Chelsea jadi klub profesional pertama Jimmy Greaves (chelseafc.com)

Predator Kotak Penalti

Musim 1957-1958 jadi ajang pembuktian Greaves sebagai predator haus gol. Ia dipromosikan ke tim utama Chelsea. Debutnya di First Division (kini Premier League) dilakukan pada 24 Agustus 1957, saat Chelsea bertandang ke White Hart Lane. Dalam laga pembuka liga itu Greaves langsung dipasang jadi starter.

Keputusan Drake tak keliru. Greaves meninggalkan kesan positif dengan menyelamatkan Chelsea dari kekalahan lewat golnya yang membuat kedudukan menjadi 1-1. Penyerang muda itu segera mencuri perhatian publik Inggris dan senantiasa dipercaya jadi pemain utama di starting eleven.

Baca juga: Kerikil Bernama Nobby Stiles

Kendati Chelsea hanya bertengger di posisi 11 klasemen akhir musim, Greaves mulai dikenal sebagai pembunuh berdarah dingin di kotak penalti dengan torehan 22 gol dari 37 penampilan. Tak ayal di tahun yang sama ia sudah dipanggil ke timnas Inggris. Gol perdananya bersama timnas dicetak dalam debutnya kala Inggris menghadapi Peru dalam tur Amerikanya. Laga pada 17 Mei 1959 itu dimenangkan Peru 4-1.

“Saya tak tahu kenapa tapi selalu mudah bagi saya, di mana mencetak gol jadi hal yang natural. Saya tak pernah merasakan tensi, ketegangan urat syaraf, atau tekanan apapun. Saya tak pernah kekurangan kepercayaan diri. Beberapa orang bilang saya sangat dingin di kotak penalti dan mereka mengira pembuluh darah saya dialiri es. Sebenarnya saya tak pernah emosional dan tak seperti pemain lain yang selalu cemas saat gagal mencetak gol. Karena saya yakin peluang akan datang lagi dengan lahirnya gol,” sambung Greaves.

Jimmy Greaves (berdiri, ketiga dari kanan) di skuad AC Milan (EDI Milano Card 1961)

Greaves bertahan di Chelsea sampai April 1961. Talentanya dilirik klub AC Milan. Torehan 125 gol dari 157 penampilannya di Chelsea membuat Milan memberi mahar 80 ribu pounds kepada Chelsea. Greaves juga diberi bonus penandatanganan kontrak senilai 15 ribu pounds dan gaji 140 pounds per pekan.

Namun, Greaves tak kerasan di Italia. Bagi Greaves, Milan ibarat pelarian dari tragedi yang menimpa dirinya dan istrinya, Irene.

“Di tahun 1961 putra pertamanya, Jimmy Jr., meninggal karena pneumonia di usia empat bulan. Kematiannya mengantui dirinya dan istrinya Irene sepanjang hidupnya. Jimmy awalnya tak yakin untuk pindah tapi Milan begitu gigih. Pindah ke Italia untuk Jimmy dan Irene seperti cara terbaik untuk keluar dari rasa sakit akibat kematian putra mereka,” ungkap Norm Parkin dalam Legends and Rebels of the Football World.

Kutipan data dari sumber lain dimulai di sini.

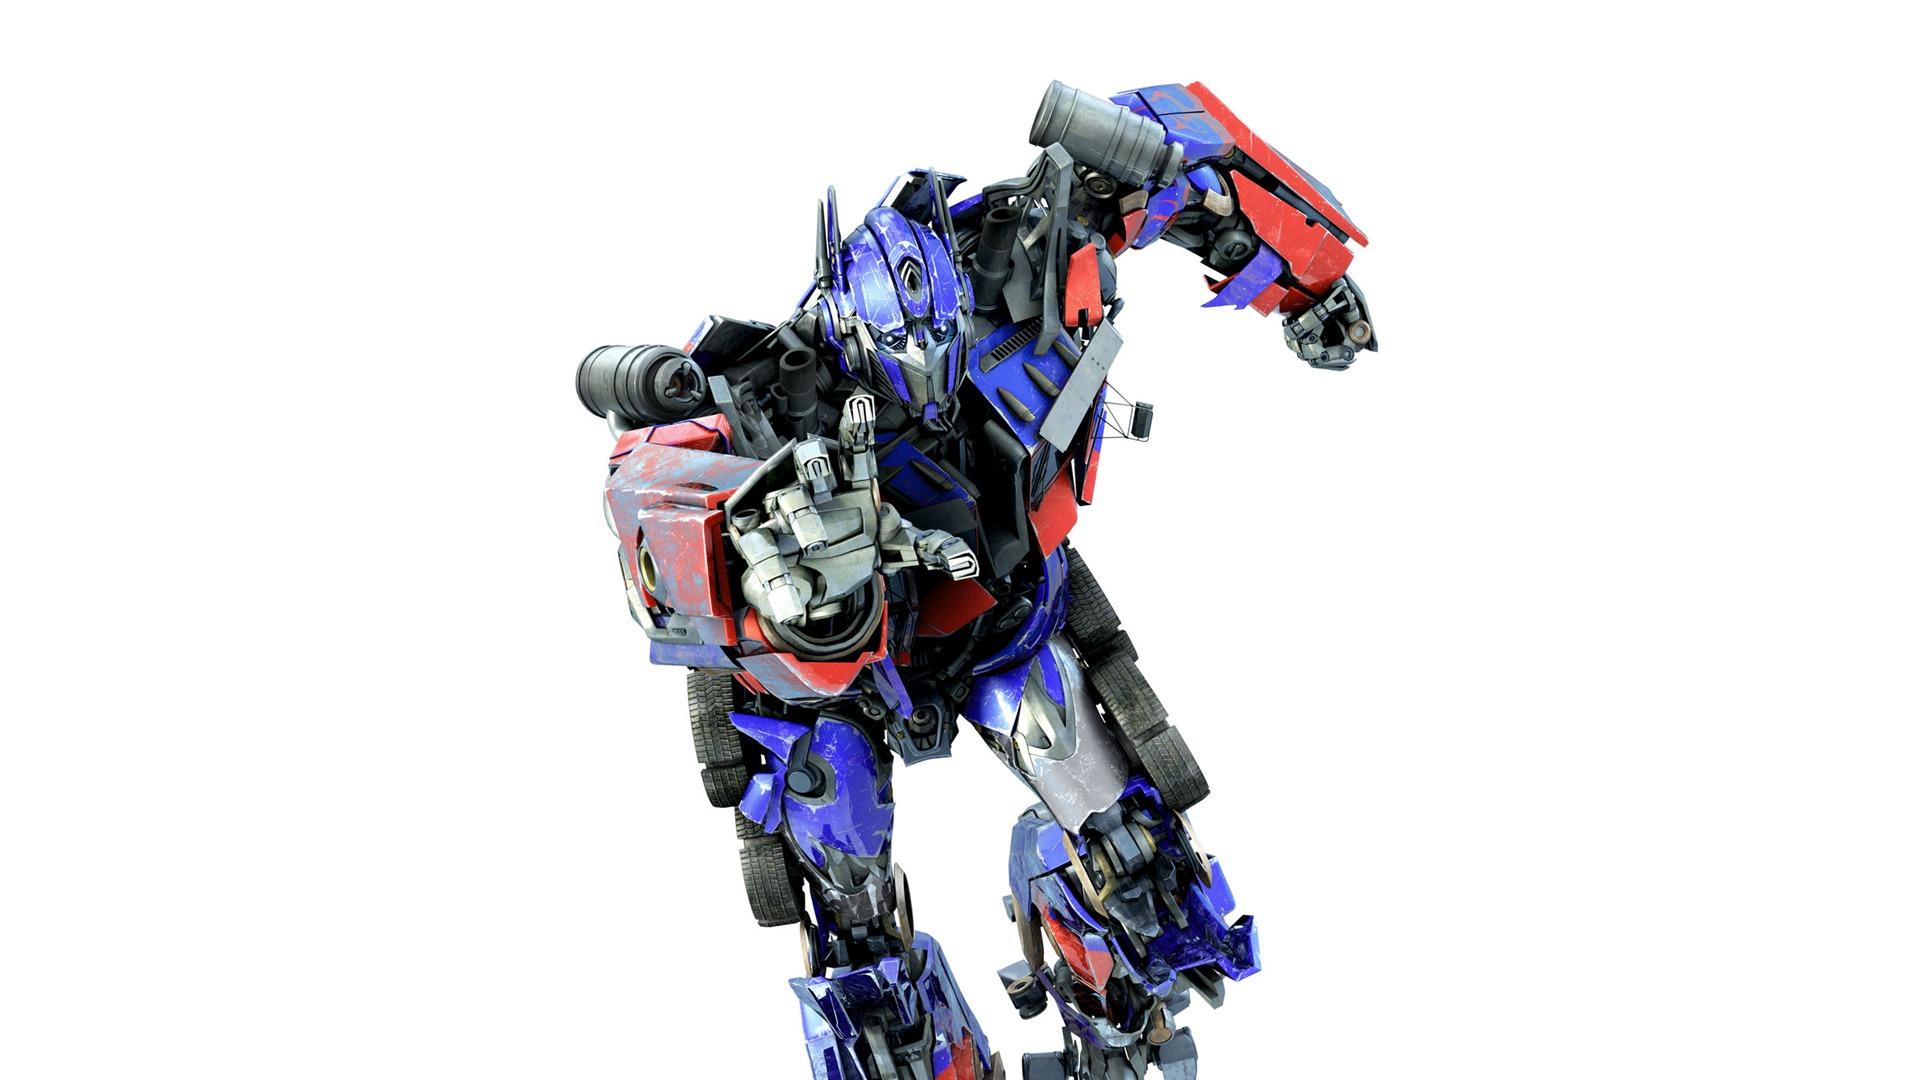 Transformers 2 fonds d 39 cran hd de style 2 10 for Fond ecran style

Baca juga: Obituari: Addio Paolo Rossi!

Greaves hanya bertahan enam bulan berseragam merah-hitam AC Milan. Banyak faktor yang membuatnya tak betah. Selain culture shock dan homesick, dia tak kuat dengan kedisiplinan ekstra ketat yang diterapkan pelatih Nereo Rocco.

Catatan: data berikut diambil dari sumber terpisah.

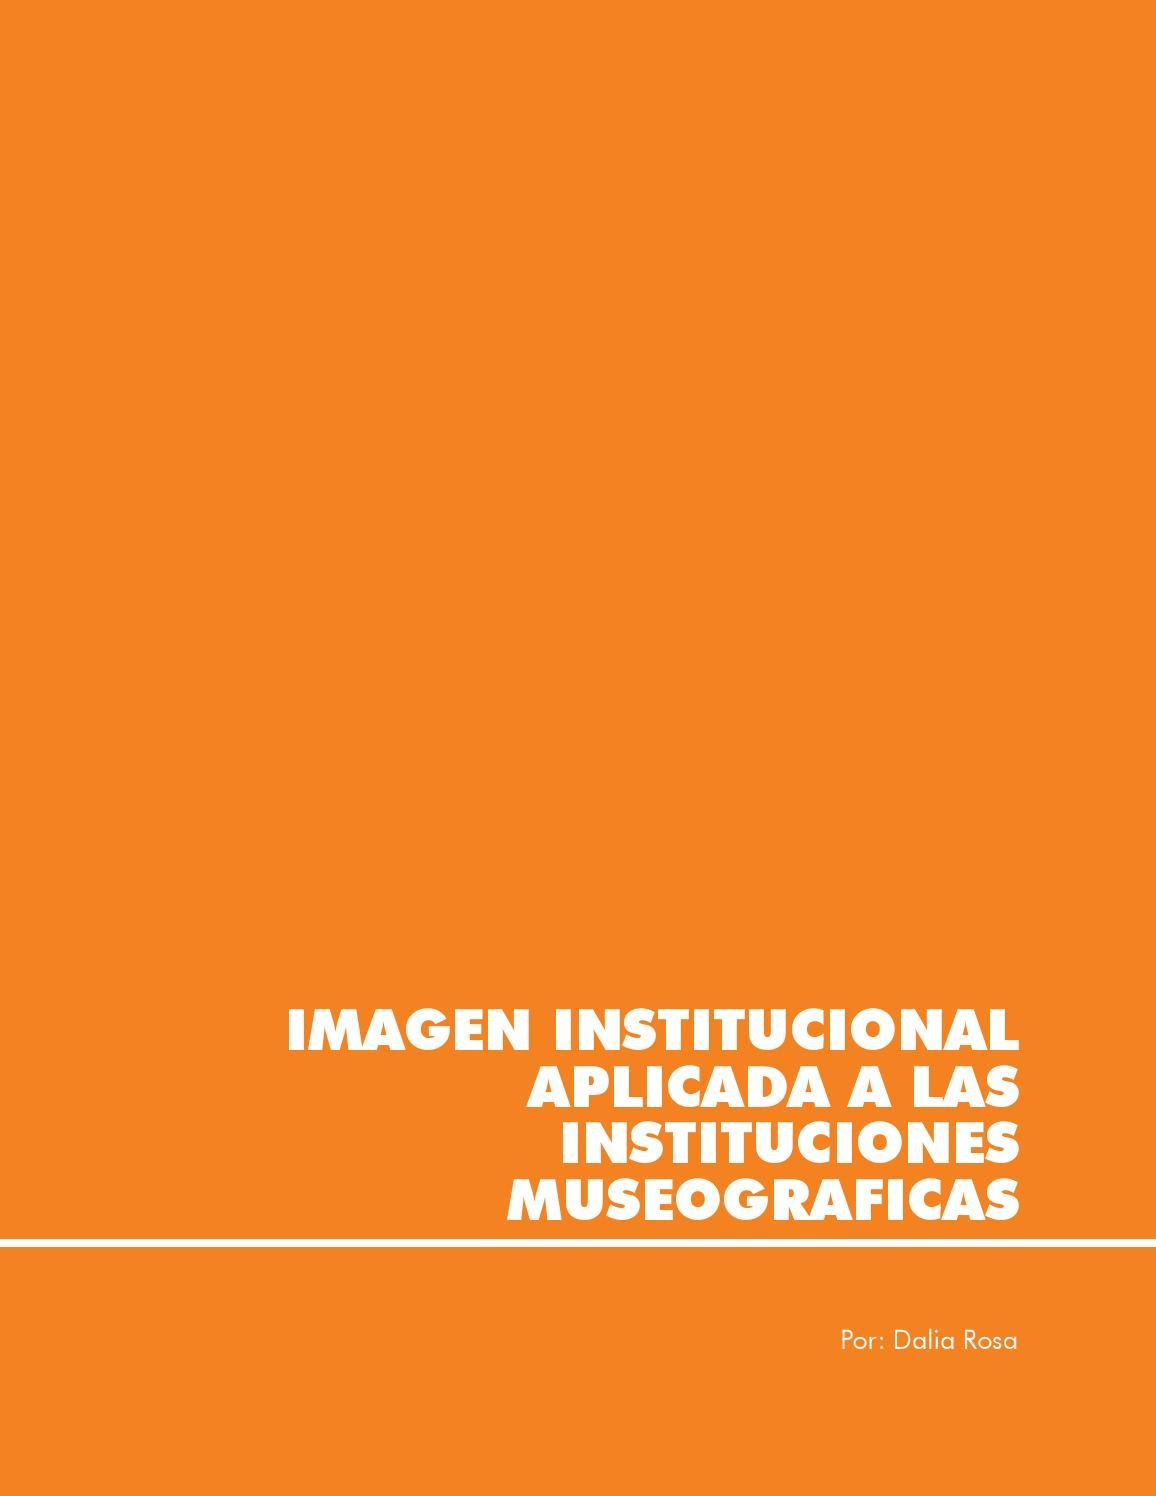 Imagen Institucional aplicada a museos - Dalia Rosa - El Salvador ...

Rutinitas dan kedisiplinan latihannya sangat ketat dengan hanya sedikit kebebasan pribadi bagi para pemain. Waktu untuk keluarga hanya sedikit. Rocco juga melarang pemainnya merokok dan menenggak minuman keras. Suatu waktu, itu jadi masalah buat Greaves karena ketahuan minum bir. Dia langsung jadi sasaran kritik pedas media-media Italia.

Calcio (sepakbola, red.) juga masih asing bagi Greaves. Ia syok dengan cara Rocco selalu membentak pemainnya ibarat instruktur militer. Sistem permainan Rocco kemudian juga tak berhasil, di mana Greaves yang dipasangkan dengan (José) Altafini tak dimainkan jadi penyerang out-and-out sebagaimana mestinya. Greaves selalu diperintahkan bermain lebih ke belakang atau melebar ke kanan-kiri,” tulis John Foot dalam Winning at All Costs: A Scandalous History if Italian Soccer.

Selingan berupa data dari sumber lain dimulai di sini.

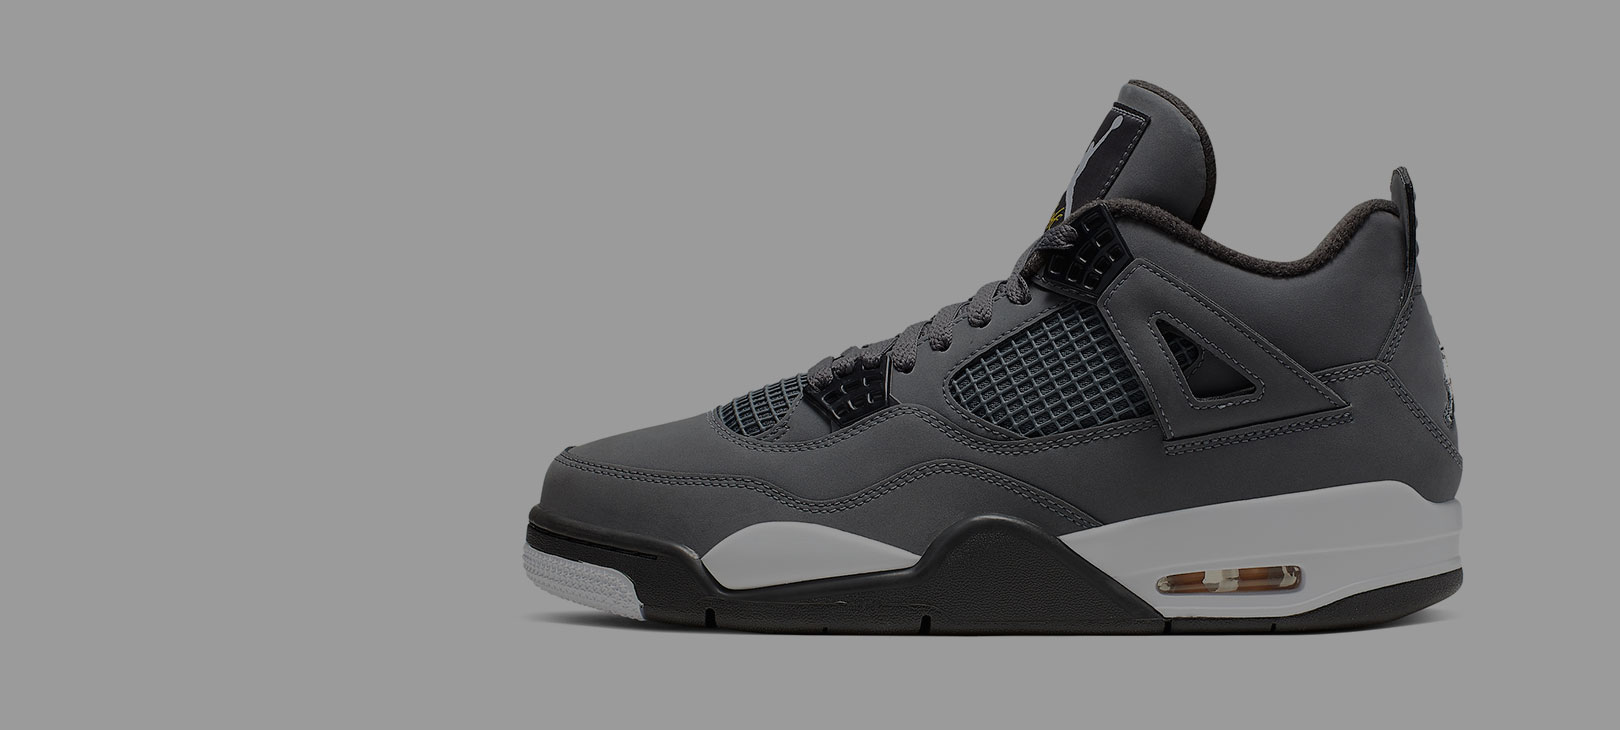 906152a0 Sneaker News - Jordans, release dates & more.

Karier puncak Jimmy Greaves diraih semasa berseragam Spurs (tottenhamhotspur.com)

Walau sampai akhir musim Greaves menorehkan sembilan gol dari 12 laga, manajemen Milan memutuskan akan menjual Greaves kembali. Chelsea bersedia memulangkannya dengan tawaran mahar 96 ribu pounds. Tetapi manajer Spurs, Bill Nicholson, tak ingin kalah dengan tawaran 99.999 pounds.

“Milan awalnya membuka harga 100 ribu pounds. Bill keukeuh di angka 99.999 pounds dengan mengatakan: ‘Saya menolak membuatnya pesepakbola pertama yang bernilai 100 ribu pounds karena akan jadi beban baginya dan beberapa rival kami sudah mengkritik karena tawaran tinggi kami,’” singkap Brian Scovell dalam Bill Nicholson: Football’s Perfectionist.

Baca juga: Cerita Lama Spurs Bersemi Kembali

Milan pun berkenan melepasnya ke Nicholson. Dimulailah “romantika” Greaves dengan Spurs. Greaves tetap tajam saat pulang ke Inggris. Di laga debutnya bersama Spurs pada 16 Desember 1961, Greaves mencetak hattrick dalam kemenangan 5-2 atas Blackpool.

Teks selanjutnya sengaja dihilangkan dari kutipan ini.